You are correct that we have had a lot of time to think about it. We are still waiting for a response from the policy level within the FDA. As described in this call, we don’t have that response yet and it has been considered at even higher level within the agency. Until we hear that response, it’s impossible for us to formalize our decision relative to the REDUCE-IT study. We remain fine typically committed to the study. We think it’s important for patient care, we think that the trial represent a very significant potential opportunity for Amarin shareholders, we think that the trial is positioned to be successful. But it has a lot of cost remaining to it and it needs to be clear to us that if we are to continue to study in it’s current form that it will result in appropriate approvals based upon the success of that study and until we have had further clarity from the policy level within the FDA, we are holding up and making a decision there. The choice is our – choice is range for everything from continuing to study in its current form to stopping the study to modifying the study in some way that potentially for example could lead to a results perhaps earlier. But amongst that spectrum which is quite broad, we aren’t going to make that decision until we have greater clarity from the FDA.

Okay thanks. And then can you just briefly run through the paragraph four filings, you guys received and what extent?

I will ask Jo Kennedy, our General Counsel to weigh in on that one. Jo?

Sure. We are at the early stages of the paragraph four litigation related to potential generic competition for Vascepa. So that process is a process that plays out over years and we are not yet at a stage where we have seen anything that troubles us in anyone to perform. I remind the group to be as -- 40 patents now that cover Vascepa and various usages and as I told you patent has gone through a long patent prosecution efforts with U.S. (inaudible) that many of you pay attention to during that process and we feel very good about those patents. And so we look forward to litigating those patents and see how litigation progress and of course anyone who is interested in the filing that litigation is welcome to file that litigation through the public filing system with the U.S. Courts.

And so you have filed suit against anyone filling the paragraph four?

We have filed suit against everyone who has filed the paragraph four.

Okay and then is there a 30-month stay date or the FDA not, has it not gone that for you?

So the 30-month day date is we have disclosed in our last quarterly filing is in September 2015.

Okay, thank you.

Our next question comes from David (inaudible).
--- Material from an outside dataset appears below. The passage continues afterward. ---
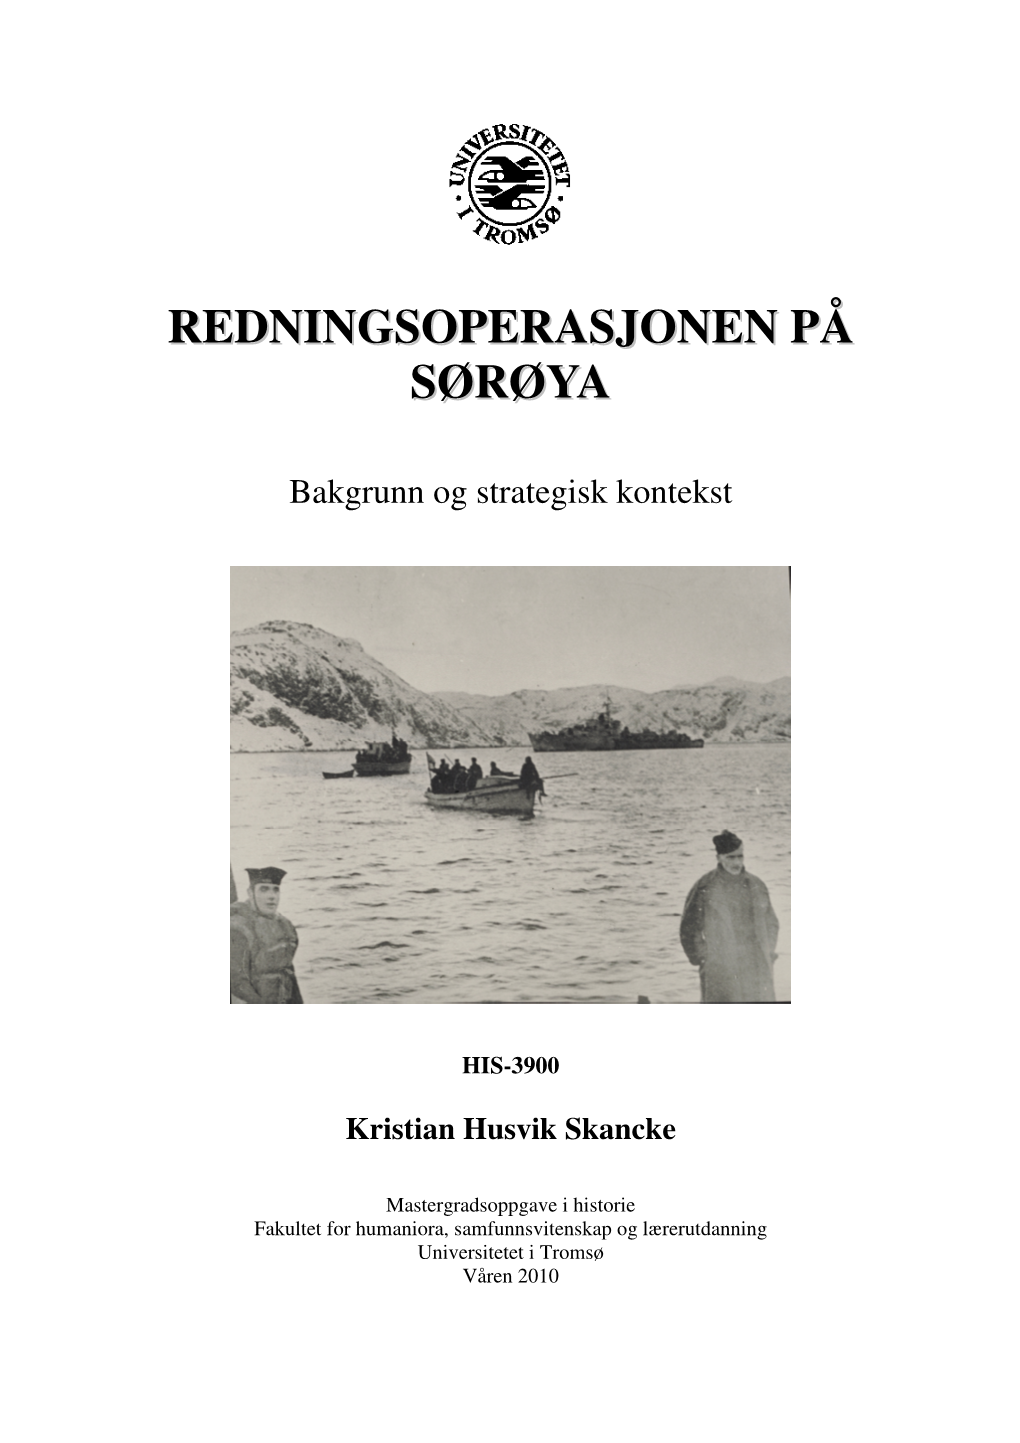 Redningsoperasjonen På Sørøya Var En Britisk Marineoperasjon for Å Evakuere Flyktninger Fra Sørøya I Vest-Finnmark Mot Slutten Av Den Andre Verdenskrig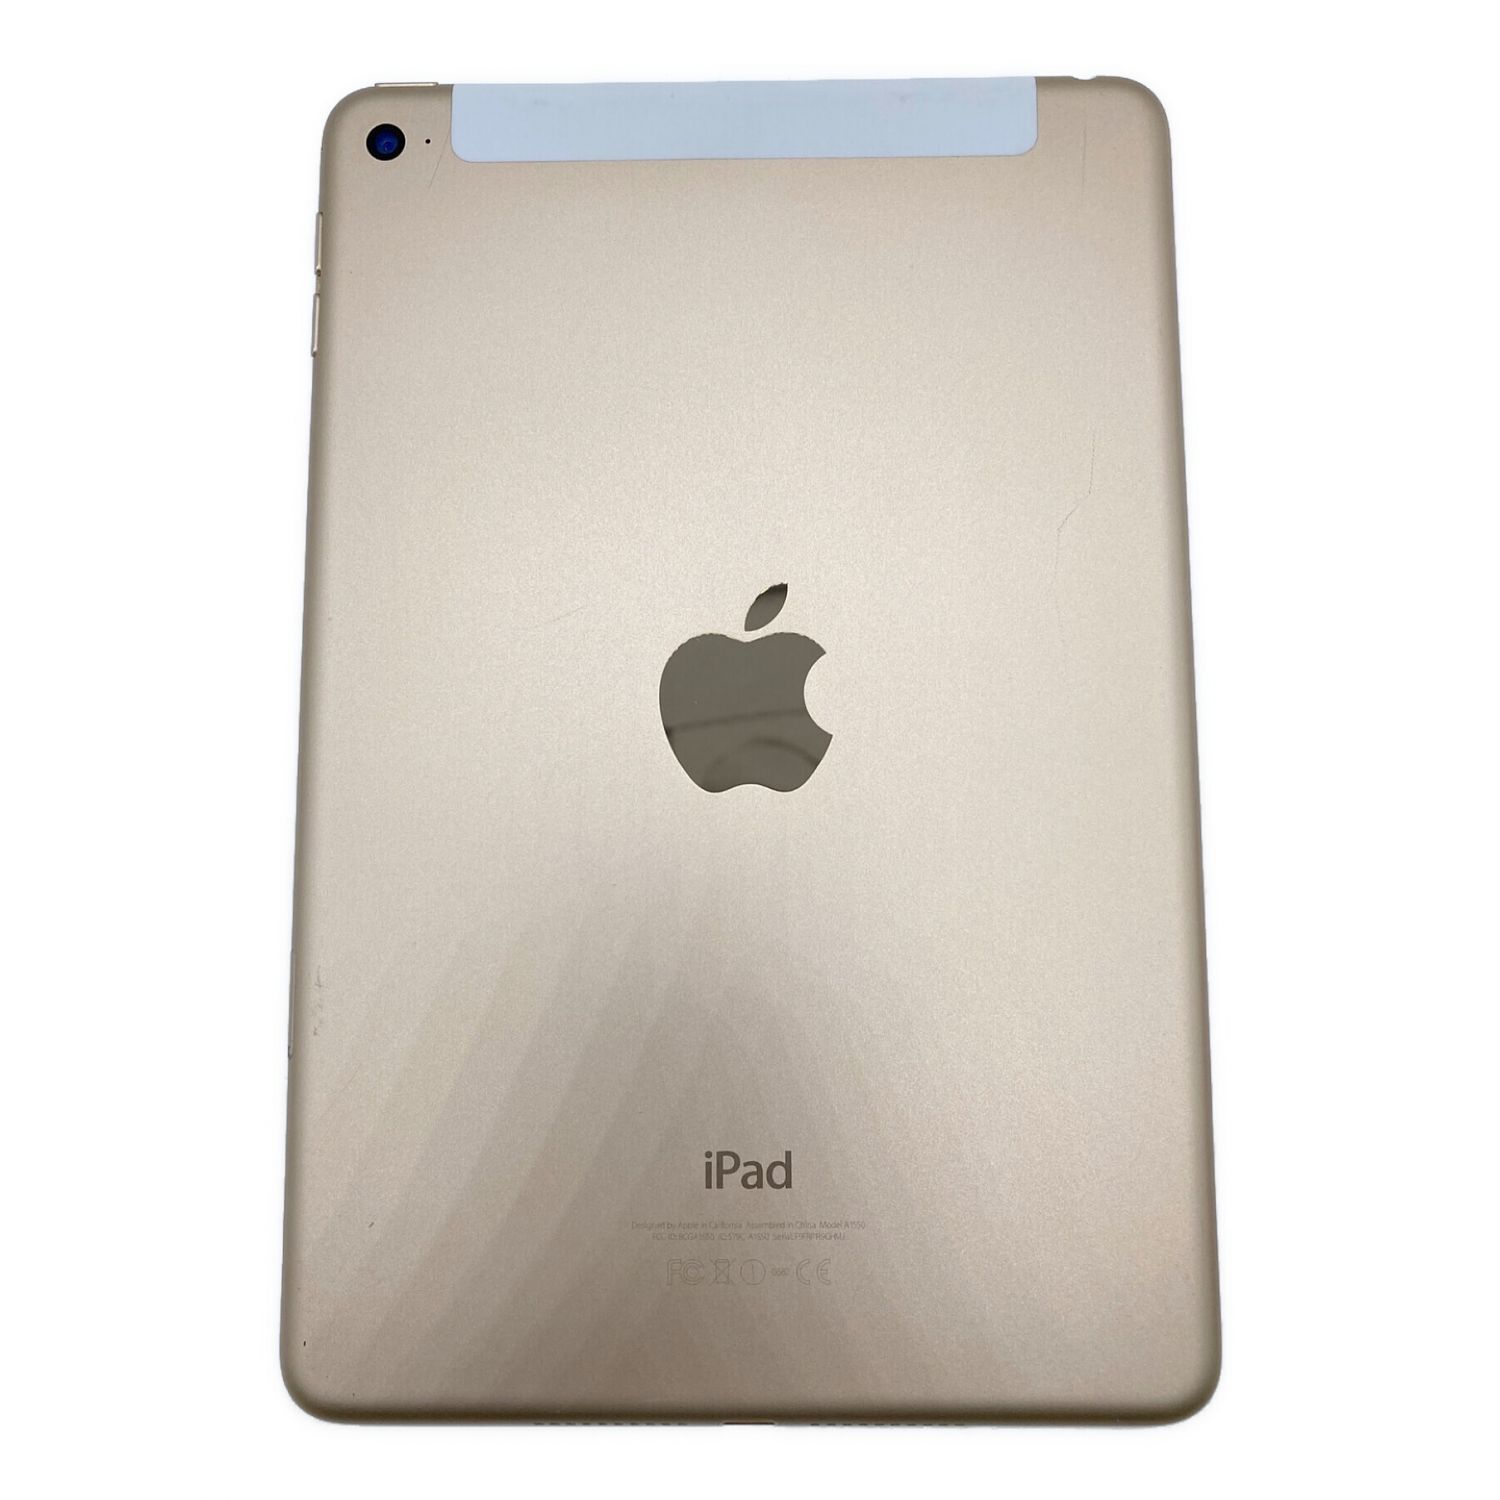 Apple (アップル) iPad mini(第4世代) 16GB docomo iOS MK712J/A ...

Please ask your question.

Two questions, have you predicated whether your sales have to go to break-even?

We have not given guidance on that at this juncture. There are too many variables involved including the conduct of the recent study for example.

And if your ANCHOR study doesn’t go through and you decide to pull out or to reduce the study, does your burning drop in half?

We are currently spending on the REDUCE-IT study between $30 million and $40 million per year that during the enrolment phase study and it does vary from quarter to quarter. Whether to curtail or reduce the study, that number obviously is saving not immediately but it would be saving as trial might would wind down as to whether that represents – what fraction of our expenses that represent that you calculate.

Thank you. And ladies and gentleman there are no further questions at this time. I will turn the conference back to management for closing remarks. Thank you.

Thank you everybody for joining us here today. We appreciate the interest and support and we look forward to further updates with you as we progress this year. Thank you and good day.

Thank you. All parties may disconnect. Have a great day.